In truth, the natural world operates as a gift economy.

Those of us privileged to grow up in a rural environment with plenty of freedom and access to relatively wild nature may have experienced what Kimmerer did: “the world…as a gift economy, ‘goods and services’ not purchased but received as gifts from the Earth.”  In truth, the natural world operates as a gift economy, even when humans get into the act as middlemen, gathering up these free gifts and selling them to the rest of us in one form or another.

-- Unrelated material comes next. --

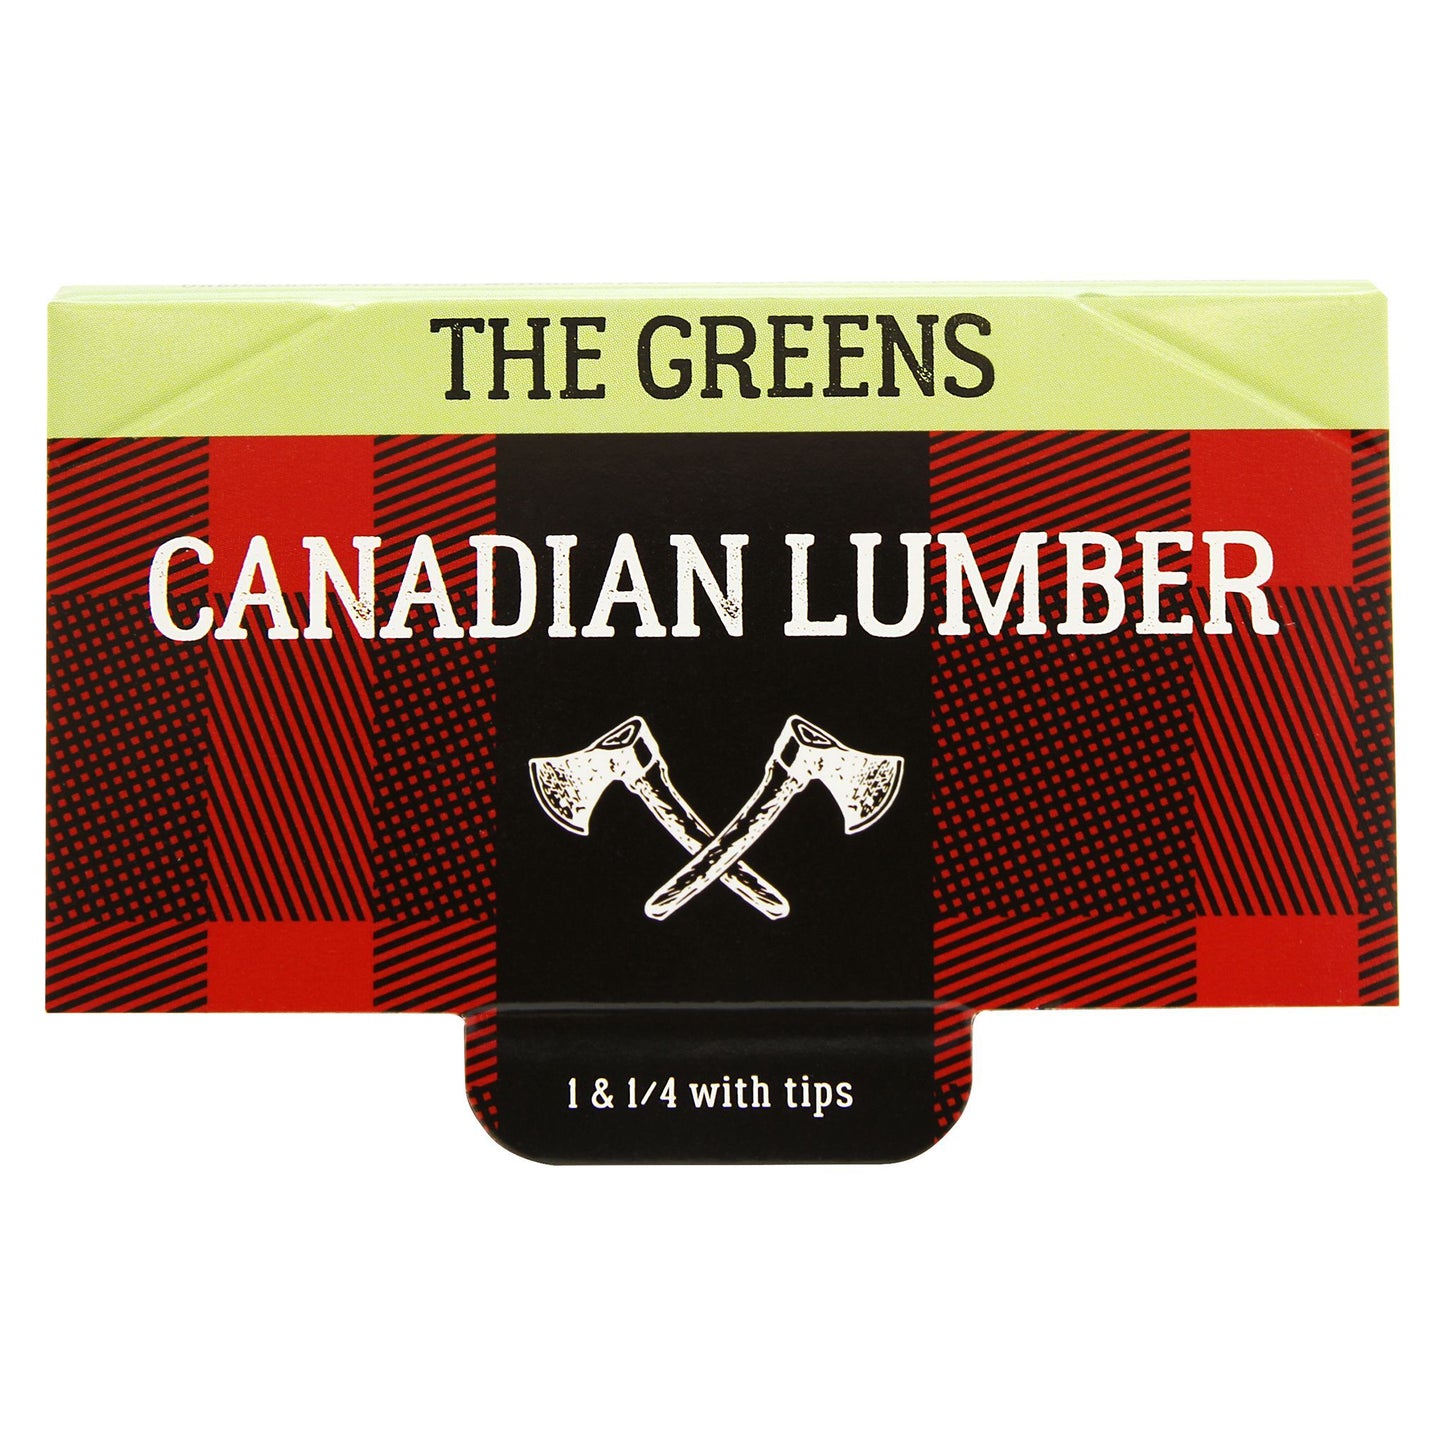 Canadian Lumber - Greens Unbleached Hemp Rolling Papers with Tips
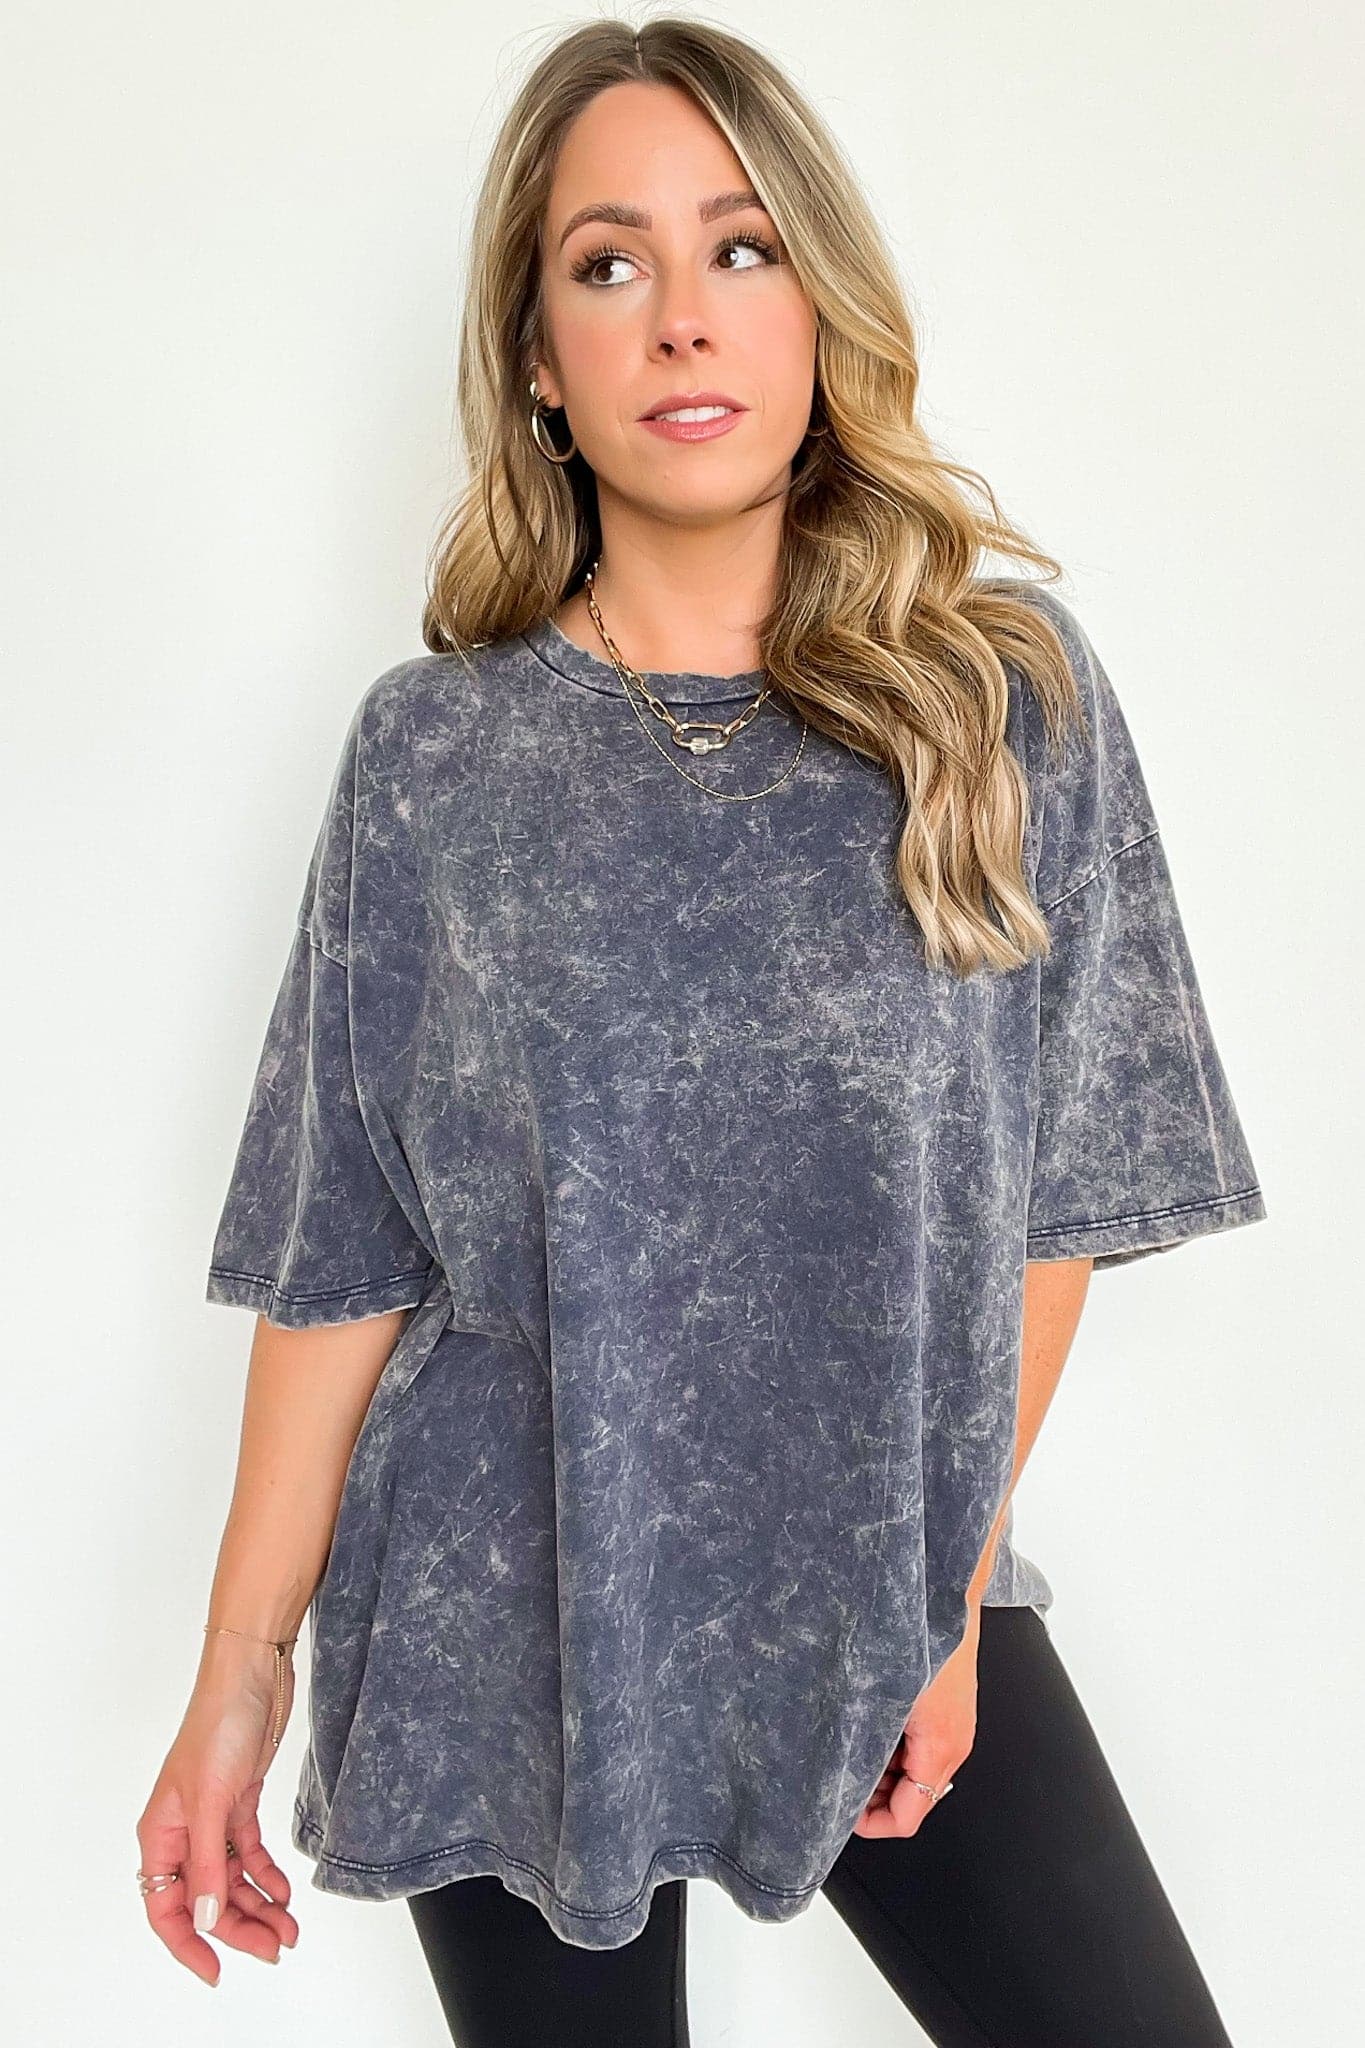 Blackberry / SM Weekend Awaits Mineral Wash Oversized Top - BACK IN STOCK - Madison and Mallory

Of course there are very practical reasons for doing this; we need delivery systems to bring these gifts to us, especially when we live in cities and towns, and when we need food and materials not readily available in our area or in season.  Moreover, a lot of what we require now in modern life doesn’t just drop from trees like ripe fruit; it results from human labor and manufacture, like the computer I am writing on. We need human services: teachers, doctors, nurses, technicians, repairmen, and so forth.  And money is useful as a medium of exchange (although not as an end in itself).

I only propose a shift in how we think about our relationship with the Earth.  Like the Native peoples of this land, we can honor the Earth as our Mother, receiving and sharing her gifts with gratitude, instead of viewing them only as a means to make a buck.

Reference

Robin Wall Kimmerer.  Braiding Sweetgrass: Indigenous Wisdom, Scientific Knowledge, and the Teachings of Plants. Milkweed Editions, 2013.


Molly Brown, Editor of Deep Times, co-authored Coming Back to Life: The Updated Guide to the Work That Reconnects with Joanna Macy.  Molly brings ecopsychology, the Work That Reconnects, and psychosynthesis to her work phone coaching, teaching on-line courses, writing books and essays, and  presenting talks and workshops. Her six books include Growing Whole: Self-realization for the Great Turning and Lighting a Candle: Collected Reflections on a Spiritual Life. She leads retreats in the Work That Connects with Constance Washburn and other facilitators.  MollyYoungBrown.com.

 

One thought on “A World Full of Gifts

  1. What a beautiful commentary Molly on this passage from Kimmerer: A World Full of Gifts! Thank you for refocusing my heart on the gift of Earth and being alive to share in its bounty with humility and gratitude!